Subtly, I arch against his chest, tilting my hips, giving him a better angle to slide inside. He’s so big, stretching me open. It feels like paradise. I love the way he claims me. The way he owns me. The way he takes control.

Cheeks flaming, my eyes squeezed shut, I say, “Yes, I want you to do it again. But not too hard, okay?”

I feel the tremor that passes through him. His fingers dip lower between my legs, to where our bodies meet, and he exhales a rough burst of air. “How about like this?”

He raises his hips again, lifting me from the water, and slaps my exposed pussy. I twitch, moaning. It feels so good I almost come, but I’m still trying to be good for him, I’m still trying to hold still, hold back, hold on to my sanity.

“Harder or softer?” His voice has gone all low and rough. His breathing is deeper, more irregular.

“A little softer. And . . . more.”

He stretches out his long legs, braces his feet against the wall above the tub, thrusts into me with more force, and gently slaps my pussy four times in quick succession.

My reaction is instant and violent.

I scream. My body bows toward the ceiling. I come, hips jerking, muscles contracting, blindly exploding with pleasure.

Beneath me, A.J. gasps. “Fuck! Angel! Fuck!”

He loses control. He grabs my hips and pumps into me fast and hard, riding out my orgasm as I writhe on top of him, completely helpless to stop any of the wanton sounds or movements I’m making. My cries echo off the walls.

When he bucks and groans and I feel a spreading warmth deep inside me, I’m still coming furiously. Water flies everywhere. The candles on the floor nearest the tub are extinguished with a hiss in a hail of drops. Smoke drifts lazily up into the air, and hangs in widening coils near the ceiling.

It doesn’t occur to me until much later that he isn’t wearing a condom.

For the next two days, A.J. and I exist in a strange and beautiful kind of suspended animation. It feels as if all the clocks in the world have stopped ticking, that for us time itself holds its breath.

The hotel becomes our lovers’ playground.

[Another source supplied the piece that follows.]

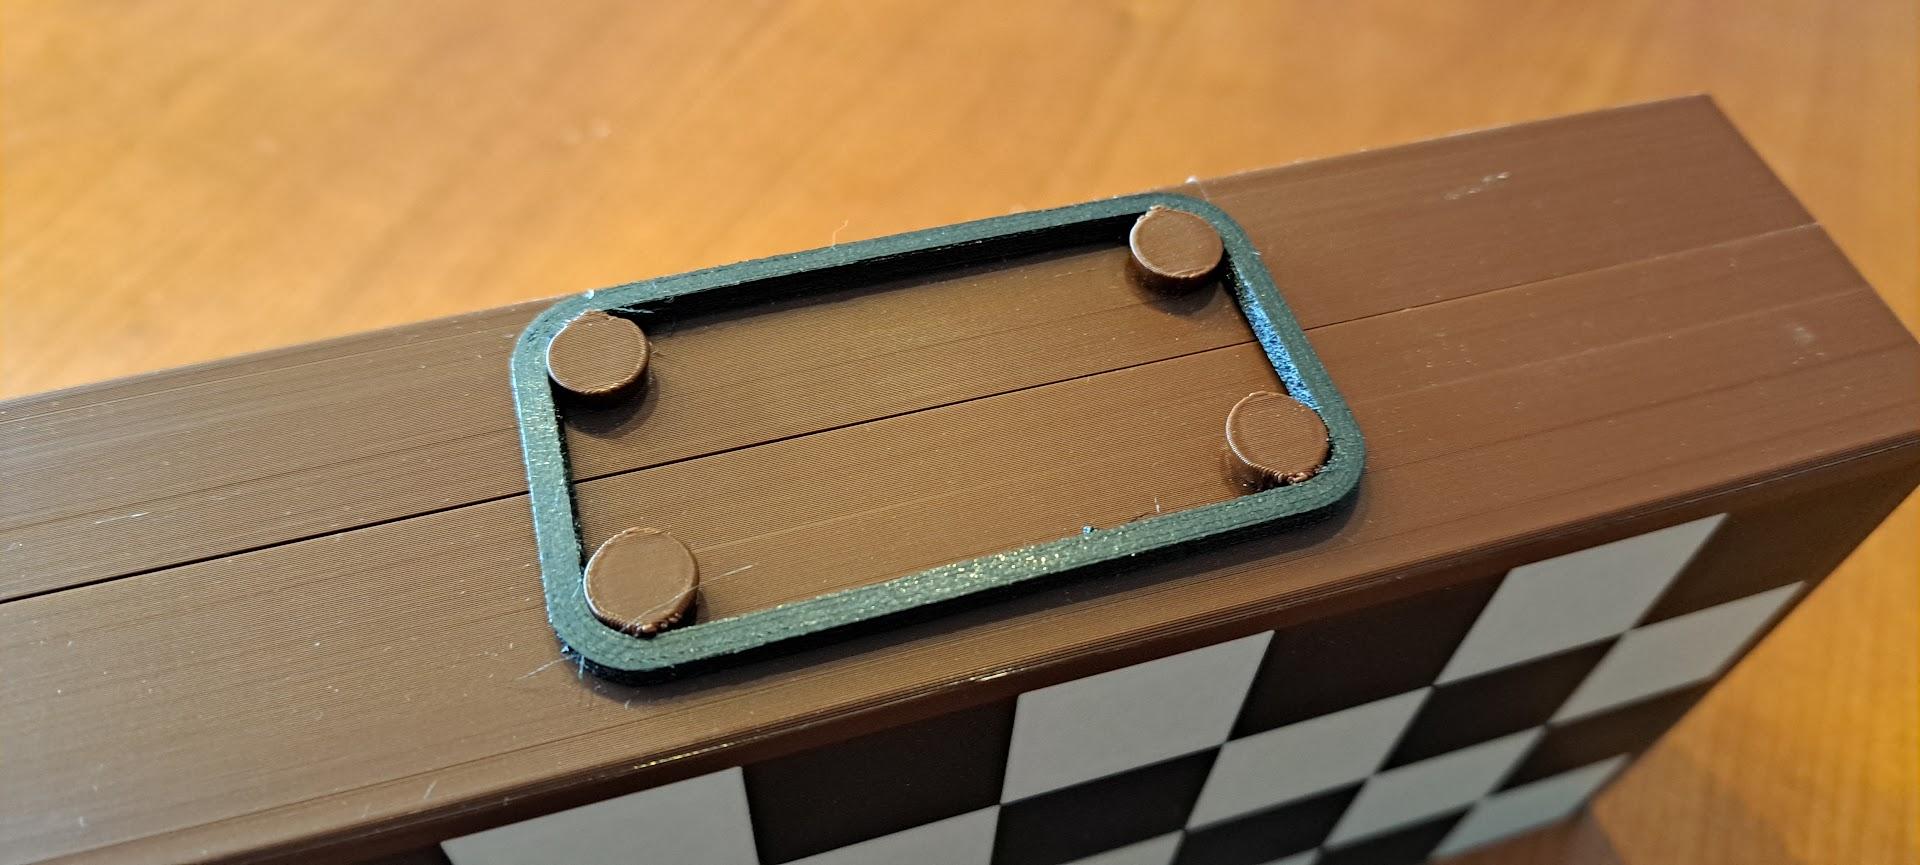 Portable Chess Board MMU 3d model

We make popcorn the old-fashioned way in the large downstairs kitchen, frying hard kernels of corn and butter in a sizzling cast iron skillet on the six-burner stove, laughing and ducking when they explode. We put the hot buttered popcorn in paper bags and take them to the screening room, where we eat while watching old movies, the plush upholstered chairs we sit in draped with clean sheets so we don’t get covered in years’ worth of dust. We play hide-and-seek in the vast, dim attic, crouching behind antique armoires, peeking around floor-standing mirrors, darting in and out of the forgotten remains of decades of prior owners.

A.J. always finds me. Or maybe I always let him. Because I know when I’m caught there will be hugs and laughter and sweet, sweet kisses that quickly turn hot.

We spend hours exploring the library, the laundry, the overgrown gardens, all the upstairs guest rooms and downstairs storage rooms. In the subterranean parking garage, we discover one entire room A.J. didn’t even know existed dedicated solely to broken televisions, cracked mirrors, and lamps missing their lampshades, relics from when the property had paying guests. In the cavernous ballroom with the vaulted ceilings and grand piano, I learn A.J. knows how to play more than drums.

“What, you thought I was a one-trick pony?” he asks with a wink while I sit transfixed beside him on the wood bench, watching his big, tattooed hands bring Mozart to life with an effortless dexterity that leaves me awed.

“Where did you learn to play the piano?”

“Church.”

He says it like it’s the most normal thing in the world, as if everyone learns to play Mozart in church. The most interesting thing I learned in church was how to sit still for long periods of time without falling asleep.